What to work on – The result should be the listing below, restated exactly, with its pictures left out.

Exercise data –
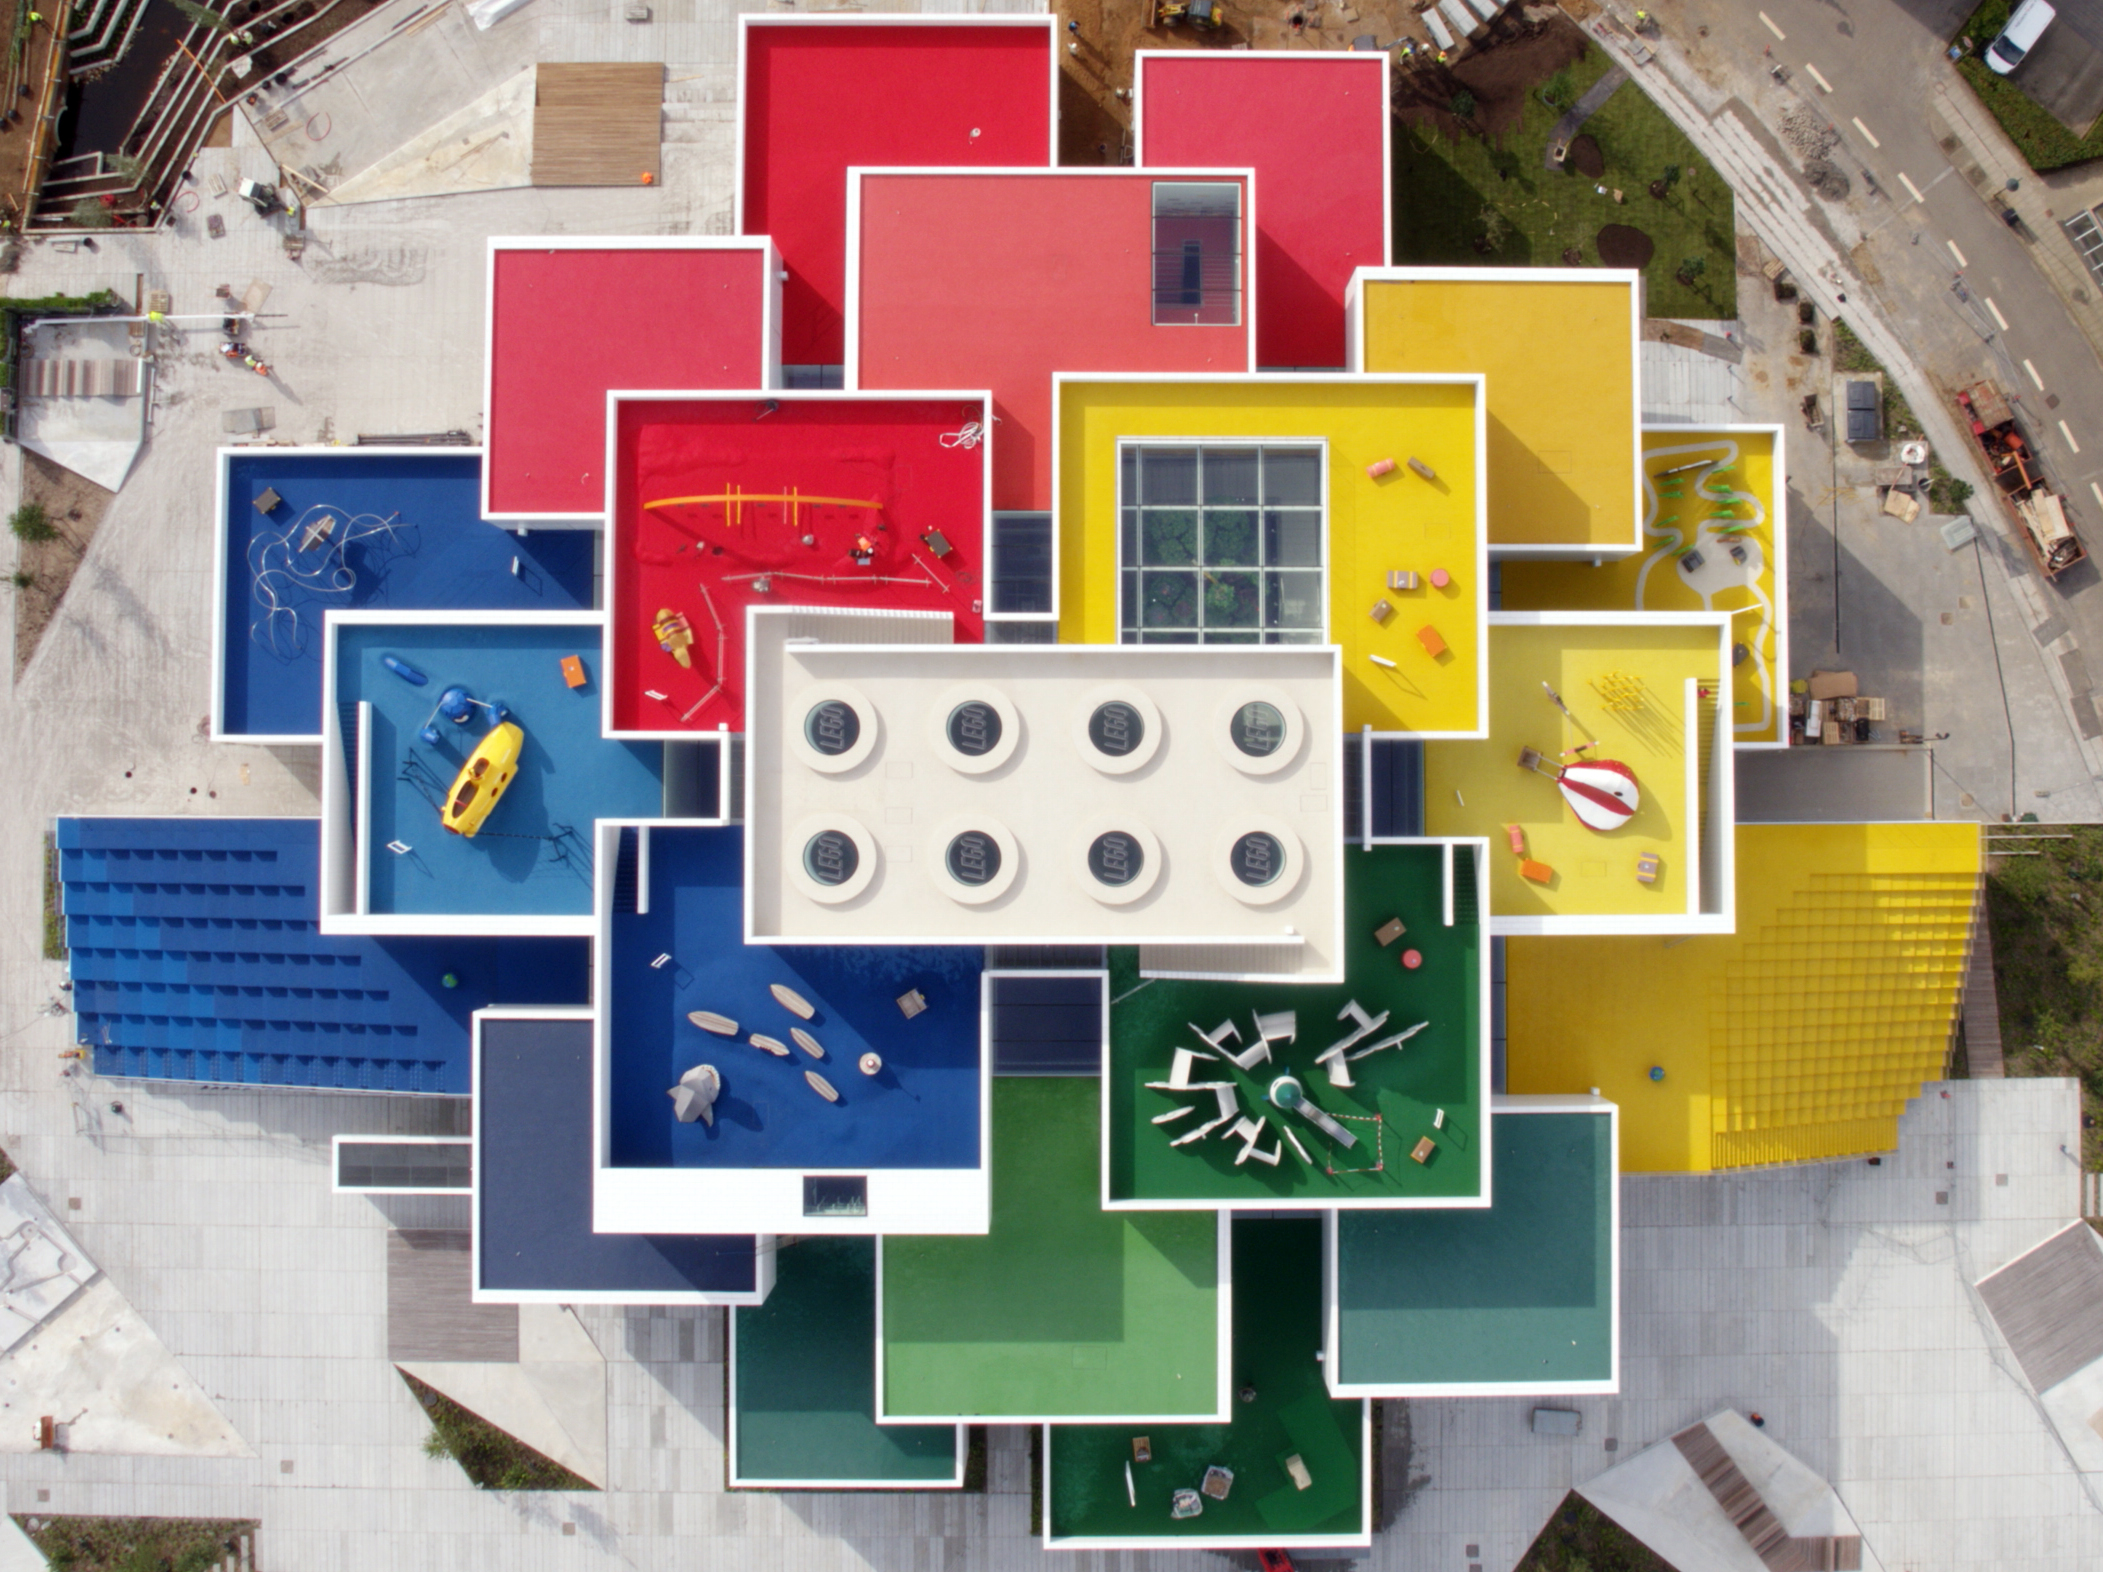 architecture, Building, Cityscape, City, Aerial view, LEGO, Bricks, Road, Denmark, LEGO House, Colorful, Rooftops Wallpaper
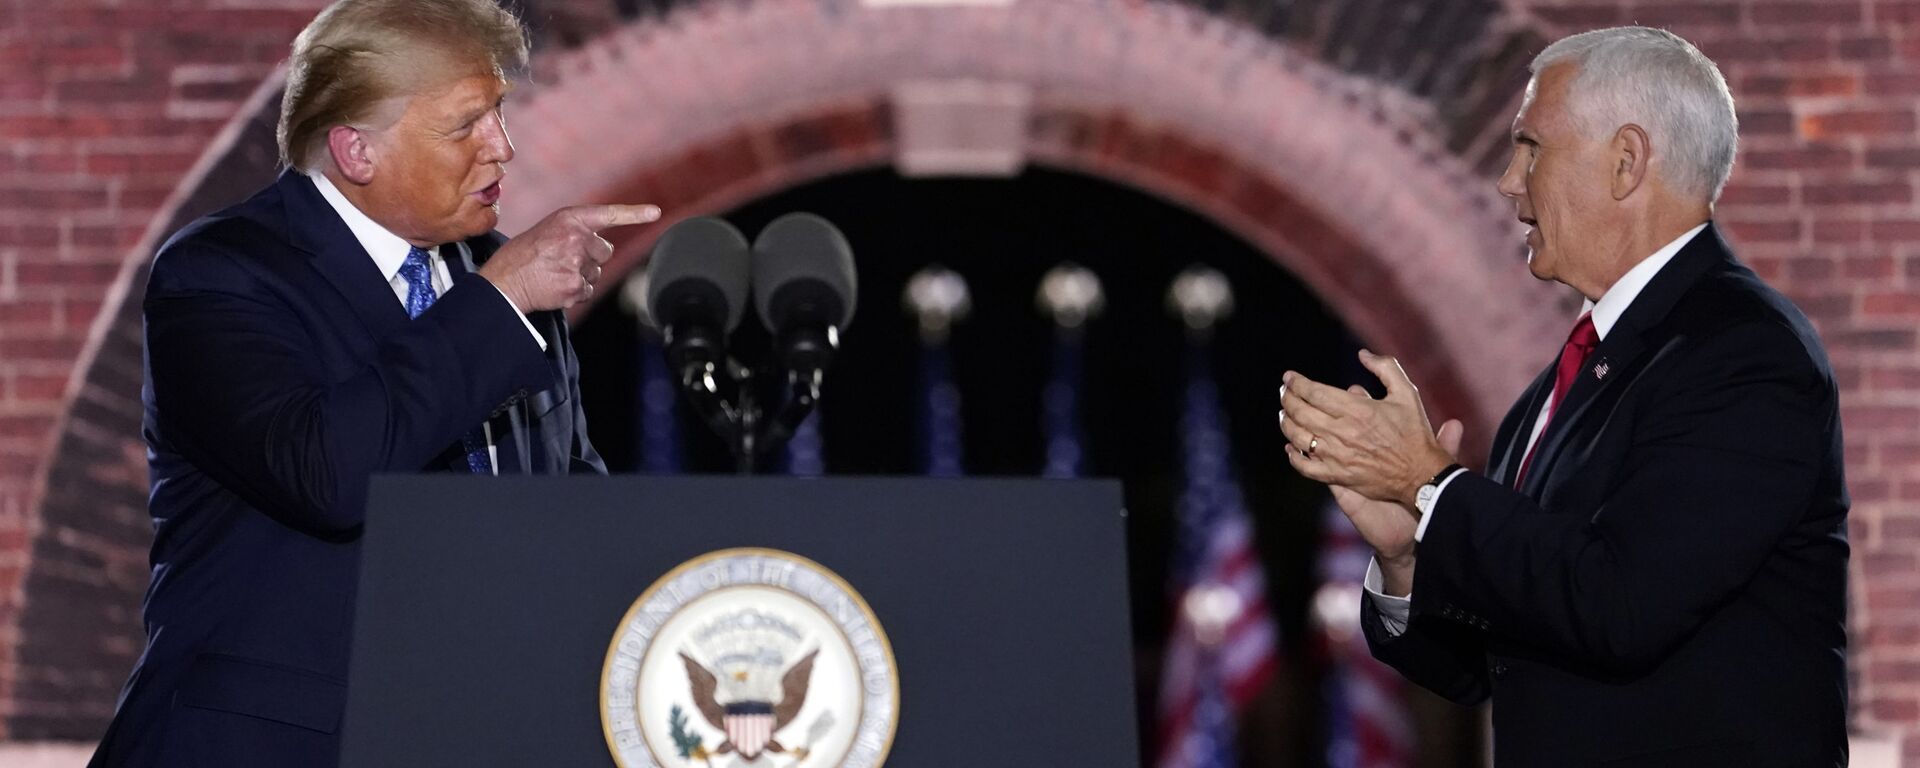 President Donald Trump joins Vice President Mike Pence on stage after Pence spoke on the third day of the Republican National Convention at Fort McHenry National Monument and Historic Shrine in Baltimore, Wednesday, Aug. 26, 2020 - Sputnik International, 1920, 13.01.2021
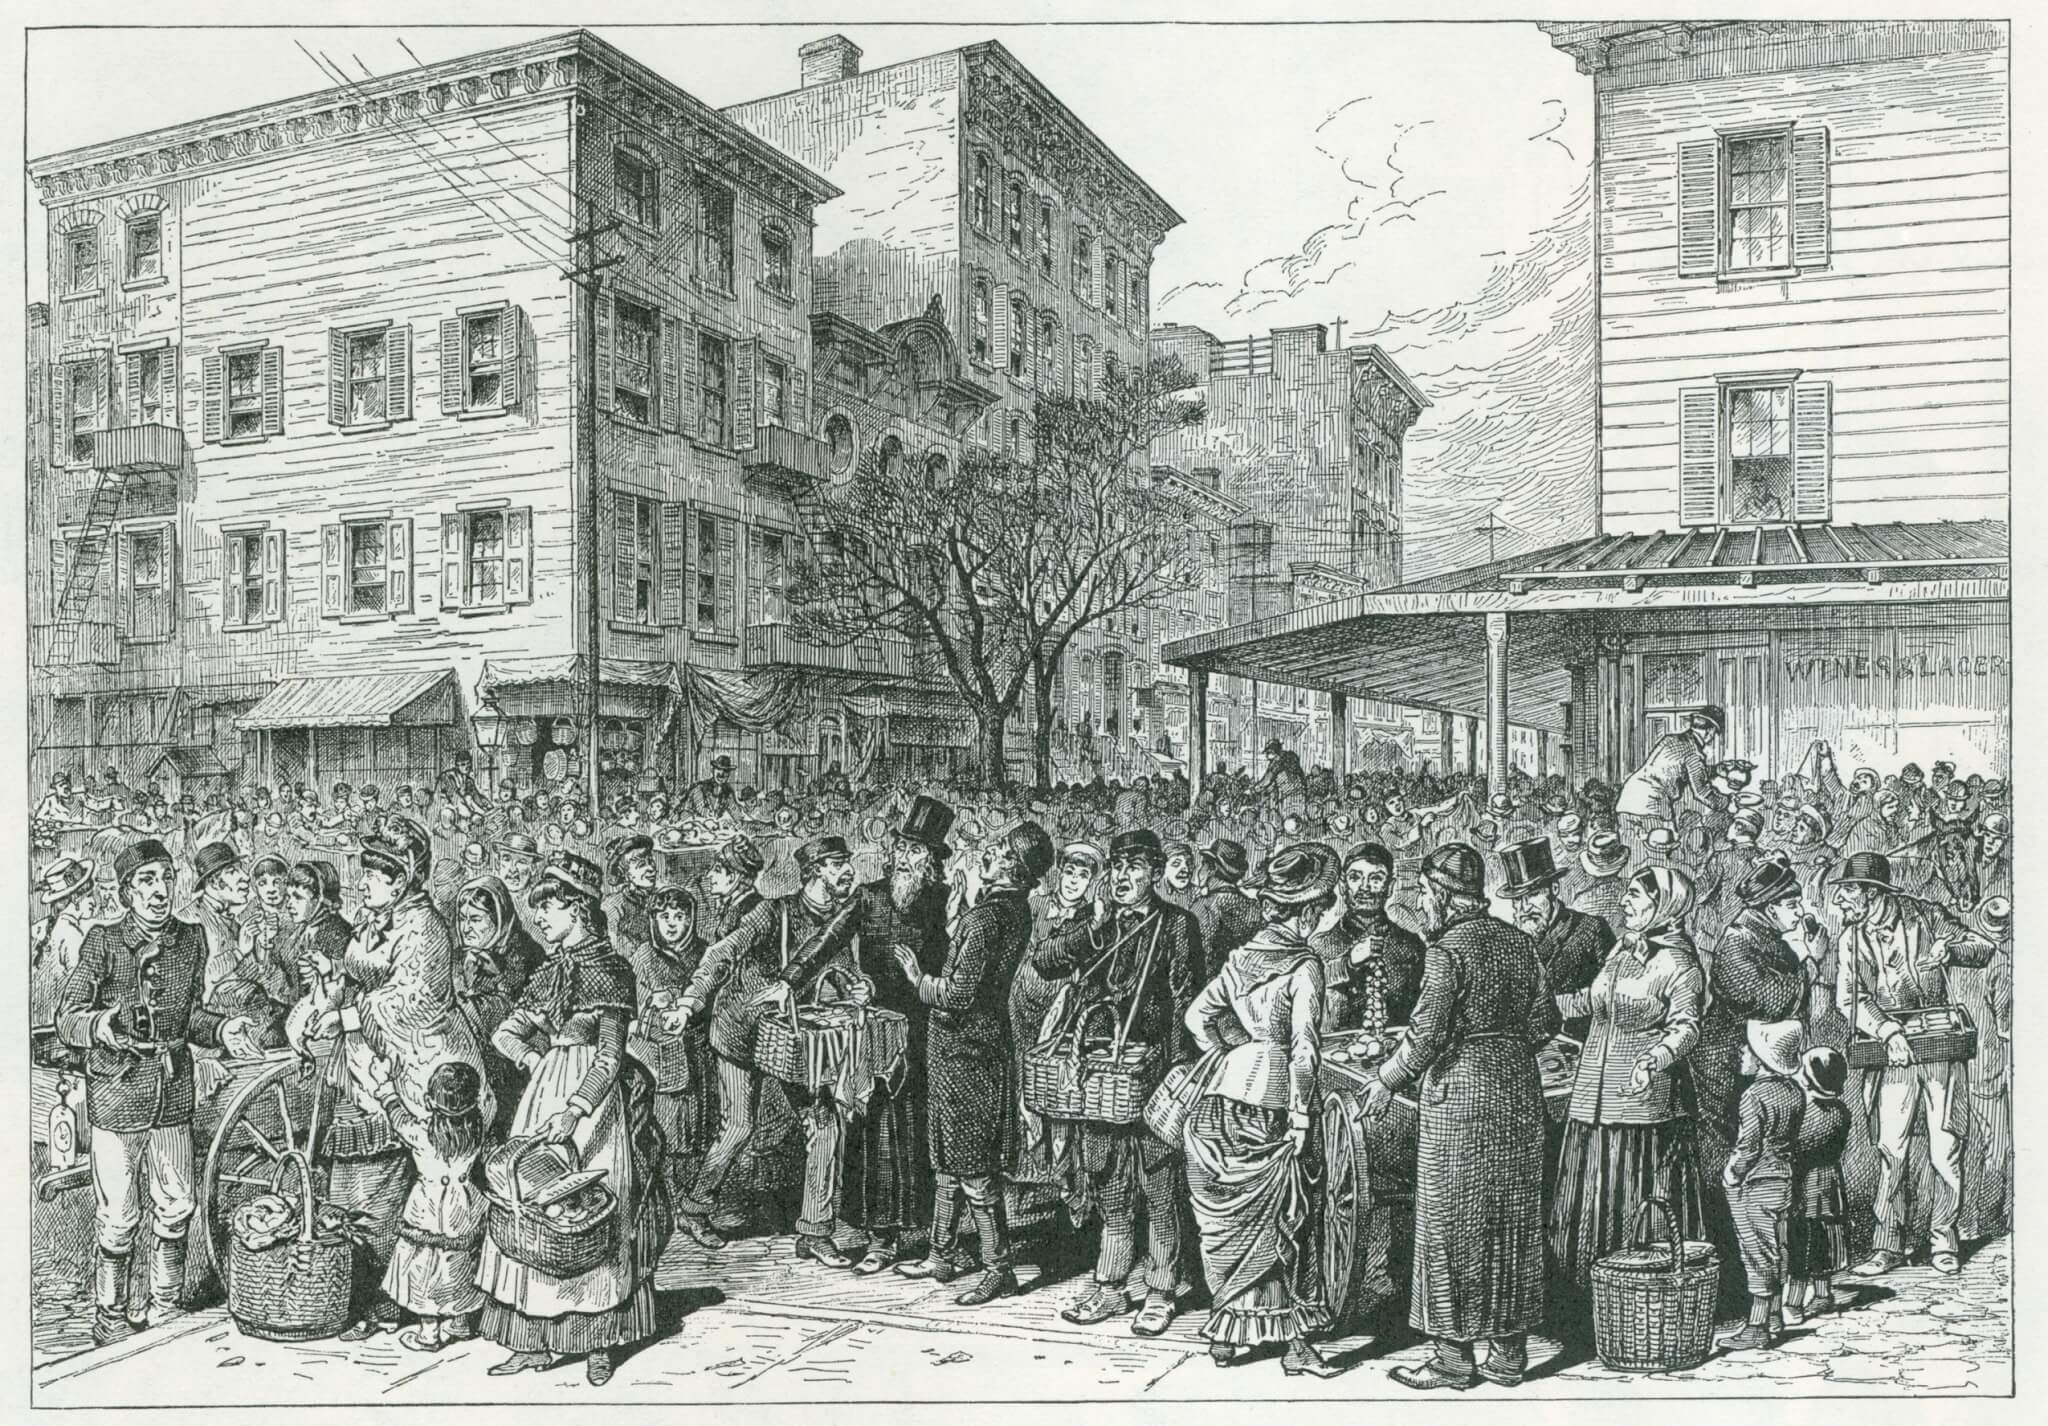 Hester Street Market, New York City's Lower East Side in 1884. The neighborhood was becoming home of Polish and Eastern European Jews emigrating from Russian Empire because of Anti-Jewish pogroms.

Expected answer –
 architecture, Building, Cityscape, City, Aerial view, LEGO, Bricks, Road, Denmark, LEGO House, Colorful, Rooftops Wallpaper
 President Donald Trump joins Vice President Mike Pence on stage after Pence spoke on the third day of the Republican National Convention at Fort McHenry National Monument and Historic Shrine in Baltimore, Wednesday, Aug. 26, 2020 - Sputnik International, 1920, 13.01.2021
 Hester Street Market, New York City's Lower East Side in 1884. The neighborhood was becoming home of Polish and Eastern European Jews emigrating from Russian Empire because of Anti-Jewish pogroms.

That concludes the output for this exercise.